“If everybody wrote on every wall…” Dean of Campus Life Anne Lundquist leaves the sentence hanging. A picture of our campus’ buildings covered with dripping tags, psychedelic motifs, and Led Zeppelin lyrics scribbles itself into my mind. The image is not wholly unappealing. Campus Life disagrees. Last week the office arranged meetings with students on the first and third floors of Binford to establish community agreements about graffiti in their dorm.
According to first-year Will Metcalf, who lives on the third floor of Binford, many students were opposed to removing their “art.”
“Most people were not bothered by it,” he said. “It should stay there. It’s our space.”

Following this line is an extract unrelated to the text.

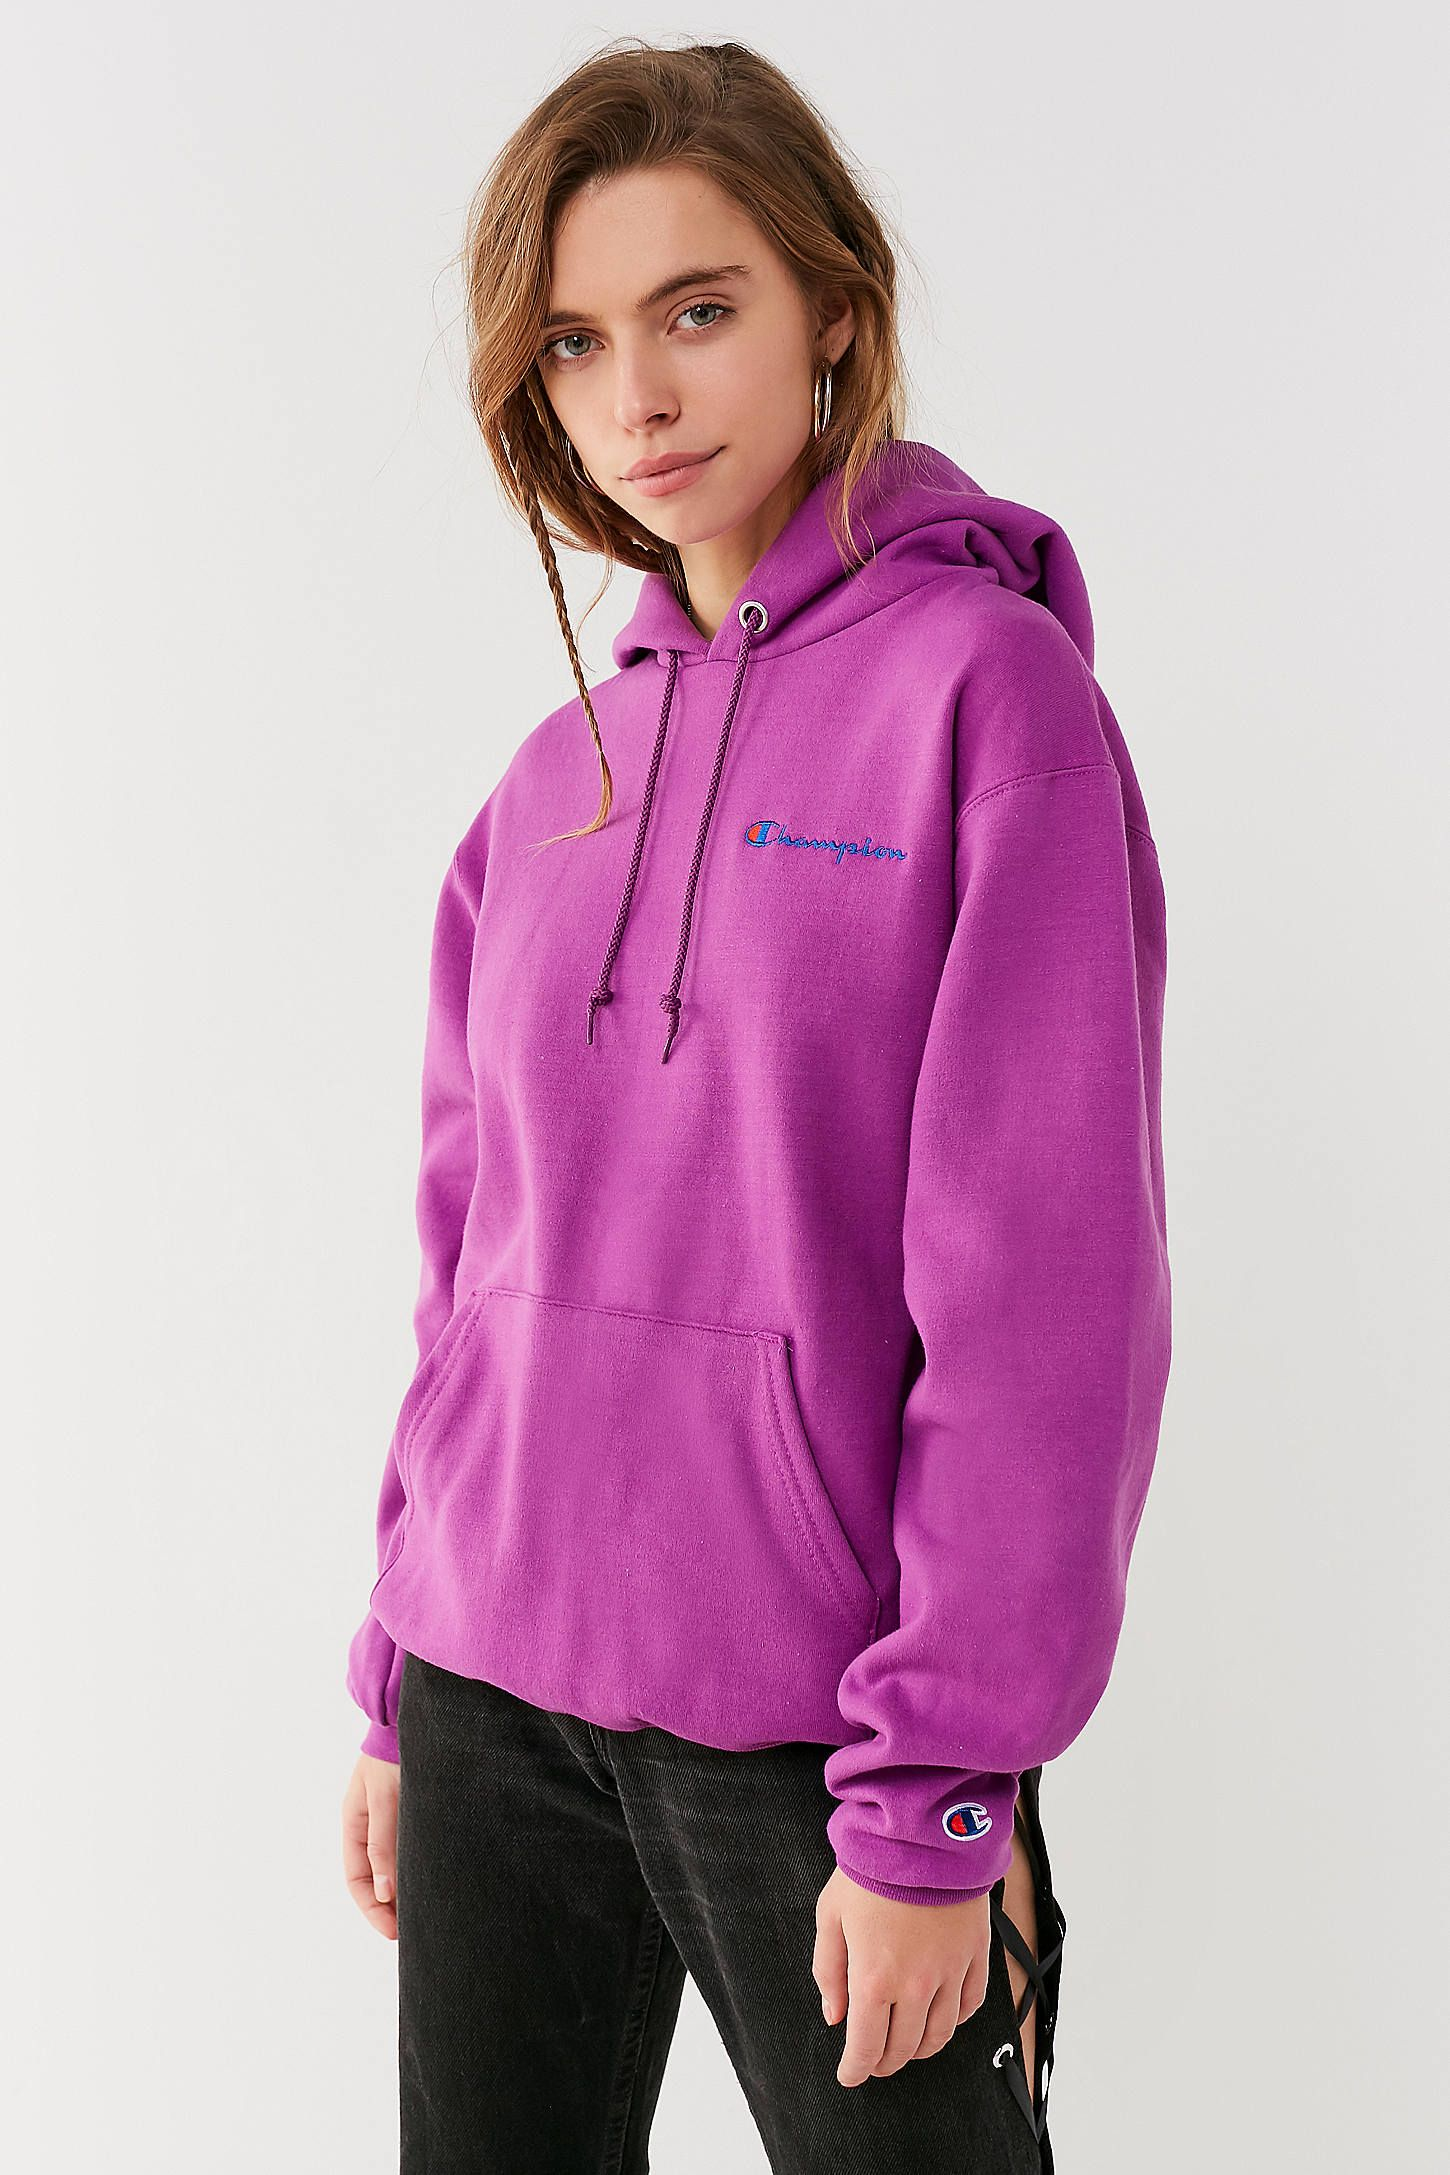 Champion Uo Reverse Weave Mini Logo Hoodie Sweatshirt Sweatshirts Hoodie Sweatshirts Hoodies [ 2175 x 1450 Pixel ]

Letting the graffiti remain wasn’t one of the options students had. Everyone could either agree to chip in and clean up the bathrooms themselves, or pay the fines as a group for having the bathroom revamped. Judging by the layers of peeling beige paint in the stalls, it won’t be the first time the school has dealt with graffiti.
“Aaah, bathroom politics,” someone has scrawled in ballpoint on the inside of a door on the first floor. In the next stall there is a picture of former Associate Dean of Campus Life Jodi Gill labeled with an unprintable epithet.
The administration has proposed an alternate medium for students to express their opinions in the bathroom stalls: pieces of paper taped to the stalls’ doors. While it is an accommodating suggestion, graffiti on paper misses the entire point. Writing on a wall suggests permanence and significance. Writing on a piece of paper suggests the trashcan.
Q: When does your childhood end? When does the future begin?
A: In college-pass me another beer bong!
—-1st floor women’s bathroom, Binford
The perpetrators of petty vandalism aren’t so different from legitimate writers. Vandals aim to entertain, to inform, and to be remembered. Bathroom stalls provide the only democratic forum for their work: truly, no talent or message is required to make your voice heard here.
From the infamous “Here I sit, broken-hearted….” to the bizarre “The groundhog has a fake ID” to the pseudo-poetic “When everything under a tree is purple/you know there’s more than that, the scrawling on the walls of Binford’s bathrooms certainly provokes thought in the mind of the man on the can.
Who, for instance, would write “Frailty, thy name is woman” in the women’s bathroom? What motivated someone to tag “Agent”? Should “Farts be free”?
Death by constantly shifting.
—-1st floor men’s bathroom, Binford
Painting over graffiti won’t stop people from writing it. If anything, a blank wall encourages vandals by providing a clean, untouched canvas.
If the administration wants to end vandalism, they must provide students with a real means to make their voice heard. Student involvement in school politics is negligible: though we have the chance to speak up about policies in open forums, our comments are about as influential as the cruel cartoons of administrators drawn on the bathroom walls. And now, we are forced to paint over those.
The sub-text of bathroom graffiti reveals a bigger issue facing the college. As Guilford expands, it finds itself caught between appealing to prospective students and keeping current students enrolled.
The college’s attempts to reinvent itself as a more conservative institution have helped attract a wider range of applicants, but with a retention rate of only 70% for first-years, the administration clearly needs to find a way to keep the students who are here happy. Destruction of property is not committed by students who love their school.
Students who write on the bathroom walls are clearly trying to say something. My guess is that it’s a lot more interesting than a scatological limerick.